Nach der Pause kam es dann zu einem bemerkenswerten Appell der Chefs aller Fraktionen jenseits der AfD. Obwohl in der konstituierenden Sitzung des Landtags eigentlich keine Reden vorgesehen sind, traten sie nacheinander ans Pult und plädierten für eine Wahl Gallerts. Man dürfe »das Amt nicht vor die Person stellen«, sagte Siegfried Borgwart (CDU) und fügte kleinlaut an, man wolle einen »geordneten Start, der etwas holprig begonnen hat«. Andreas Steppuhn (SPD) sagte, man brauche »stabile Verhältnisse« im Land. Dalbert merkte an, der Vorgang sei einmalig im Land: »Die Demokratie in Sachsen-Anhalt steht vor einer Belastungsprobe.« Nur André Poggenburg, Chef der AfD-Fraktion, merkte indes an, es sei »nicht die AfD, die hier parlamentarische Gepflogenheiten bricht«. Er erklärte die Ablehnung Gallerts mit der vorangegangenen Ankündigung der LINKEN, Rausch keine Stimme geben zu wollen.

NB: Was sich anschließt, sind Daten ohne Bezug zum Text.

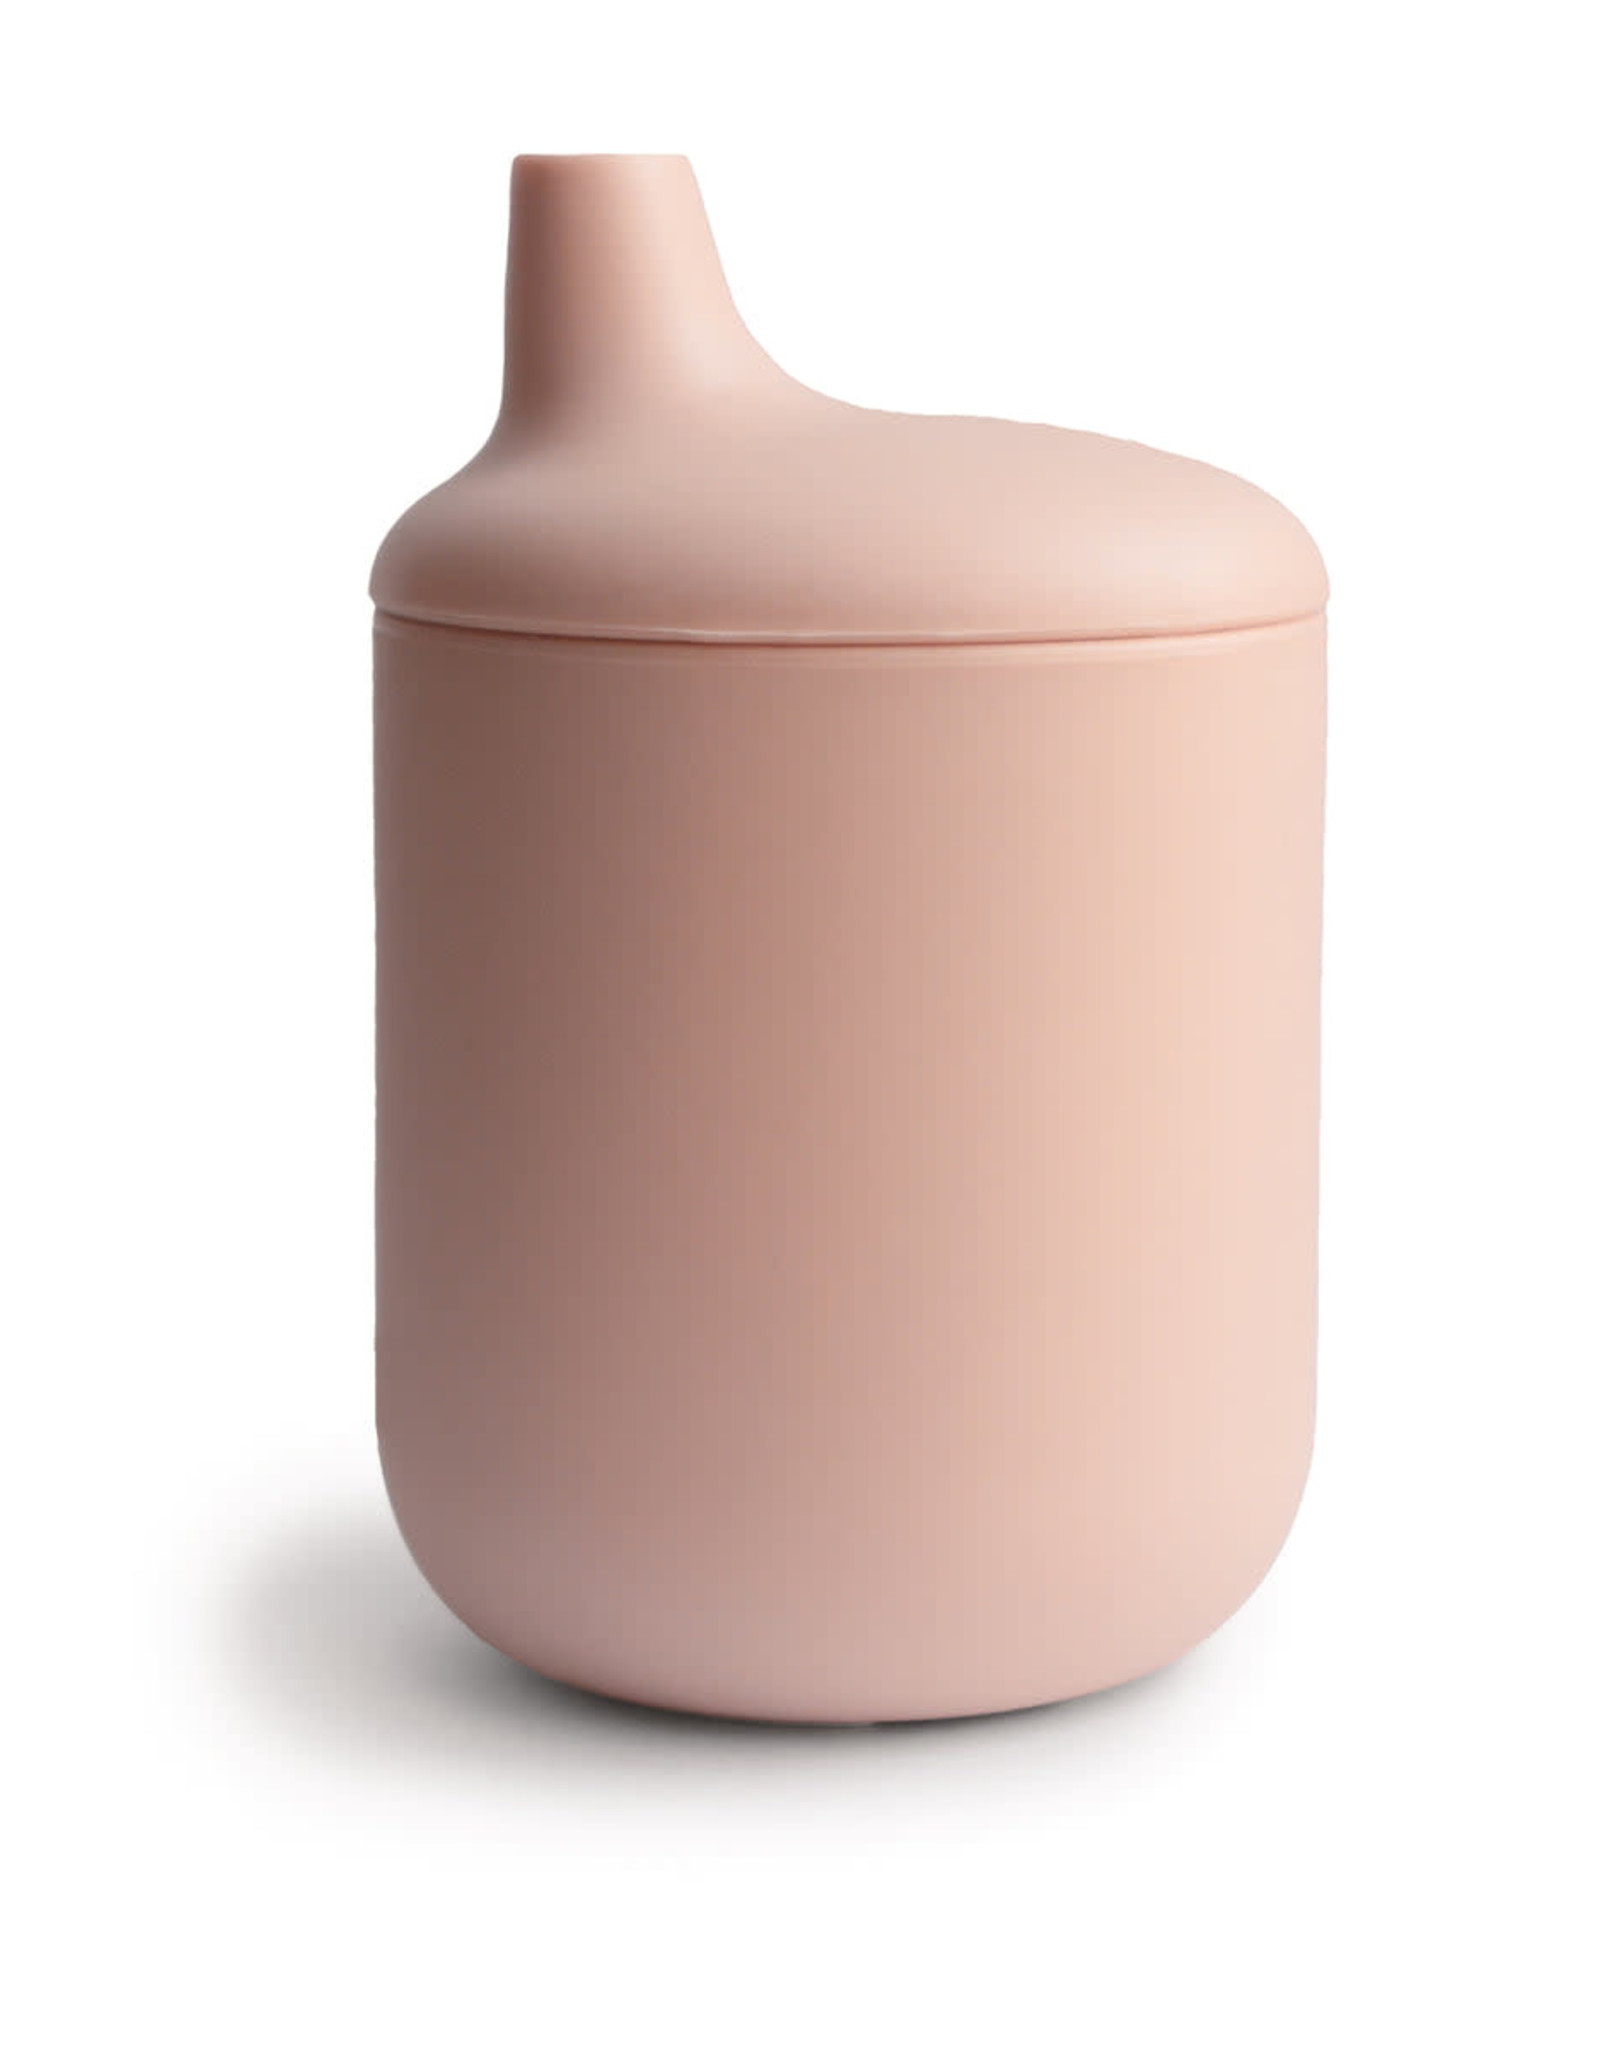 Mushie silicone sippy cup- blush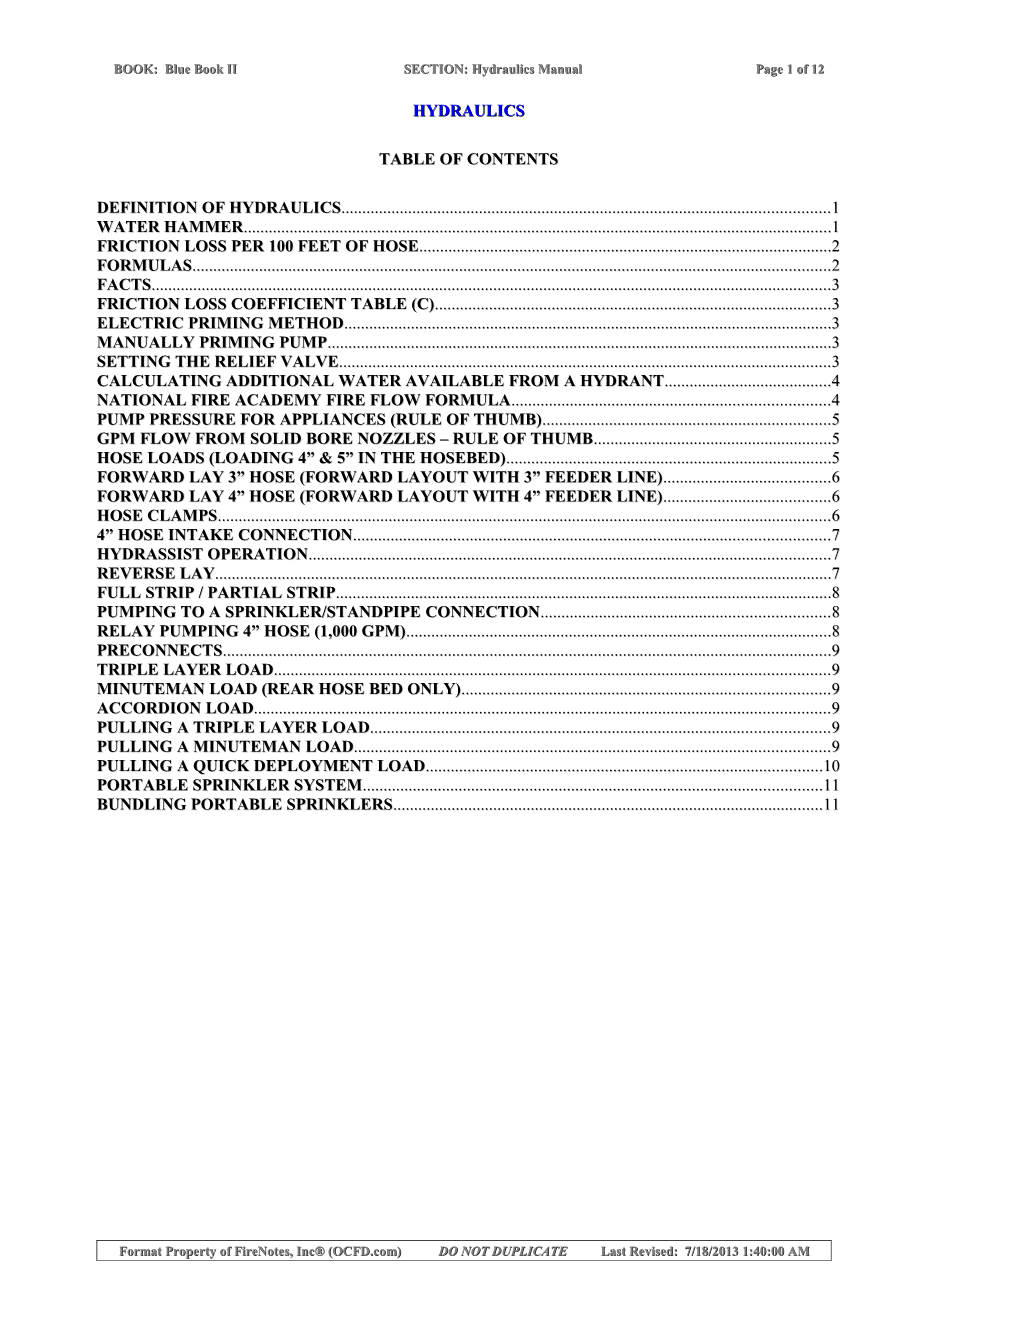 BOOK: Blue Book II SECTION: Hydraulics Manual Page 1 of 10

Auch bundesweit sorgte die Nichtwahl Gallerts beim gleichzeitigen Durchwinken von Rausch im ersten Durchlauf für massive Kritik. Die »CDU verabschiedet sich in Sachsen-Anhalt aus dem demokratischen Lager«, twitterte die brandenburgische LINKEN-Politikerin Andrea Johlige. Die hessische LINKEN-Fraktionschefin Janine Wissler spricht von einem »schlimmen Signal«. Eine »Schande für die Demokratie«, kommentierte der Bundestagsabgeordnete Niema Movassat (LINKE). Die Grünen-Politikerin Steffi Lemke erklärte: »Die Alternative zu CDU-SPD-Grüne Koalition ist spätestens seit heute eine CDU-AFD-Koalition/Tolerierung, mitnichten Neuwahlen.«
Beobachter sehen das Wahlergebnis auch als Schwächung von Ministerpräsident Reiner Haseloff (CDU). Er steuert einen Kurs strikter Abgrenzung von der AfD und hatte erklärt, es dürfe rechts von der CDU keine demokratische Partei geben. An der Basis gibt es freilich teils unverhohlene Sympathien für die AfD. Zuletzt war in dieser Sache ein Offener Brief der CDU Landsberg publik geworden. Nach der Pleite bei der Konstituierung wird nun gespannt erwartet, wie die Abstimmung in der CDU über einen möglichen Koalitionsvertrag ausgeht – und die für den 25. April geplante Kür Haseloffs zum Regierungschef. Mehr als zwei Abgeordnete dürfen ihm in der geheimen Wahl nicht von der Fahne gehen, sonst ist Kenia bereits am Start Geschichte.